Litigation related to 401(k) plans — which had declined after the Great Recession — has surged again recently.
Over 100 new 401(k) complaints were filed in 2016-17, the highest two-year total since 2008-09.
A recent study explores the causes and potential consequences of this litigation.
The extensive litigation in the 401(k) area reflects the DOL approach to regulation.
The agency is charged with enforcing the Employee Retirement Income Security Act of 1974 (ERISA), which governs 401(k) plans.
But instead of issuing specific guidance on how plan fiduciaries should act — such as providing concrete factors to consider in determining whether fees are reasonable — it has tended to “regulate by enforcement” after the fact.
While this approach provides the agency with the flexibility to identify emerging issues as they arise and tailor any response to specific circumstances, it also means that fiduciaries are often left to guess at what practices comply with the law.

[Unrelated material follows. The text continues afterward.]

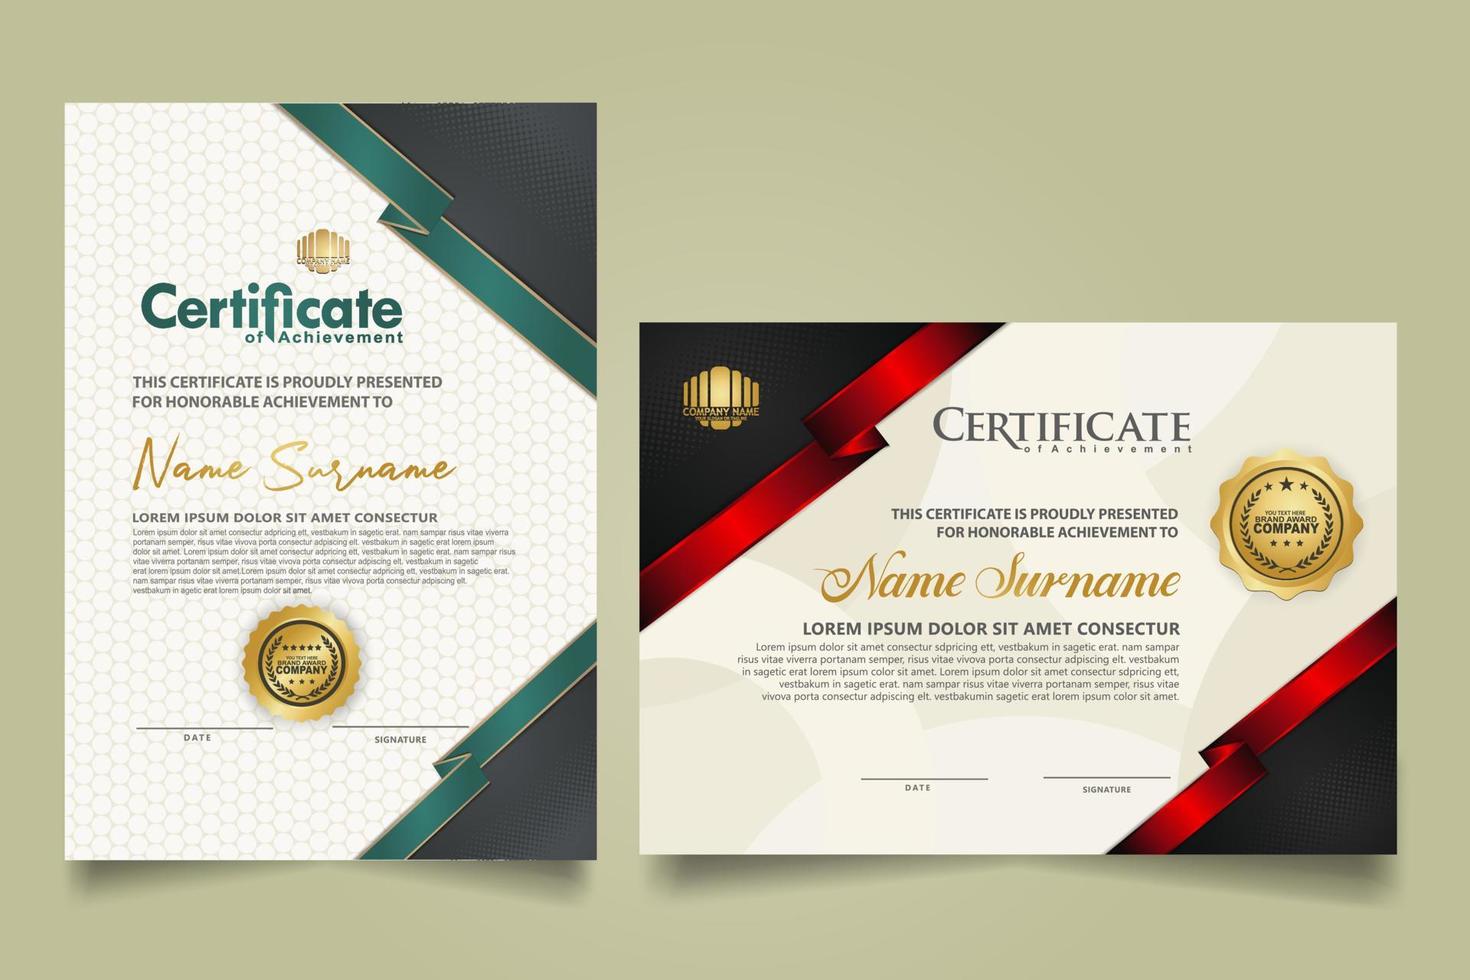 reeks certificaat sjabloon met lint strepen ornament en modern structuur patroon achtergrond. diploma. vector illustratie

The 401(k) lawsuits fall into three major areas.
Inappropriate investment choices: ERISA does not spell out specifically what type of investment options are appropriate, but rather puts the emphasis on the process of selection. Two fiduciaries could choose the same investment option and face different risks of liability if one followed a prudent decision-making and monitoring process and the other did not. Issues also arise when fiduciaries include the employer’s own stock in its 401(k) plan and that stock performs badly. Most of the suits in the wake of the Great Recession centered on investment choice.
Excessive fees: Litigation often involves the allegation of excessive investment and/or administrative fees. Similar to the issues regarding inappropriate investment options, ERISA requires that fiduciaries follow a careful, prudent process to ensure that plans pay no more than reasonable fees for necessary services. Fees have been the major source of litigation during the recent resurgence of litigation.
Self-dealing: In the ERISA context, the term “self-dealing” most often refers to a case in which a plan fiduciary acts in its own best interest rather than serving the plan and its participants. Employers that sponsor ERISA plans can also be held liable for permitting the assets in a benefit plan to “inure to the benefit of the employer.” Self-dealing accounts for only a small share of total lawsuits.
The extensive litigation inevitably has consequences — some good, some not so good, and some unclear.
Greater use of passive investment options: Plans have been shifting their assets toward more passive investments, at least partially because these investments typically do not pose a risk of significantly underperforming other index funds on performance and fee benchmarks.
Reduction of asset class coverage: Litigation concerns may also have dampened fiduciaries’ appetite to add narrowly-focused investments to their menus. Given the lack of knowledge that most participants have about investing, the gains from not offering such funds in terms of lower fees would likely offset the losses from restricting these options.
Increased fee transparency: Greater scrutiny by plaintiff attorneys in 401(k) litigation, combined with the DOL’s 2012 regulation requiring service providers to disclose their fees to plan fiduciaries, have led to increasing fee transparency. Increased transparency has been accompanied by lower fees.
Lack of innovation: Some experts are concerned that the fear of litigation prevents the use of creative options that may improve participant outcomes — like investment vehicles designed to provide a lifetime income stream when participants retire. After all, offering an annuity option would involve more complexity than passive investments and would require the plan to choose a provider, which itself entails some risk.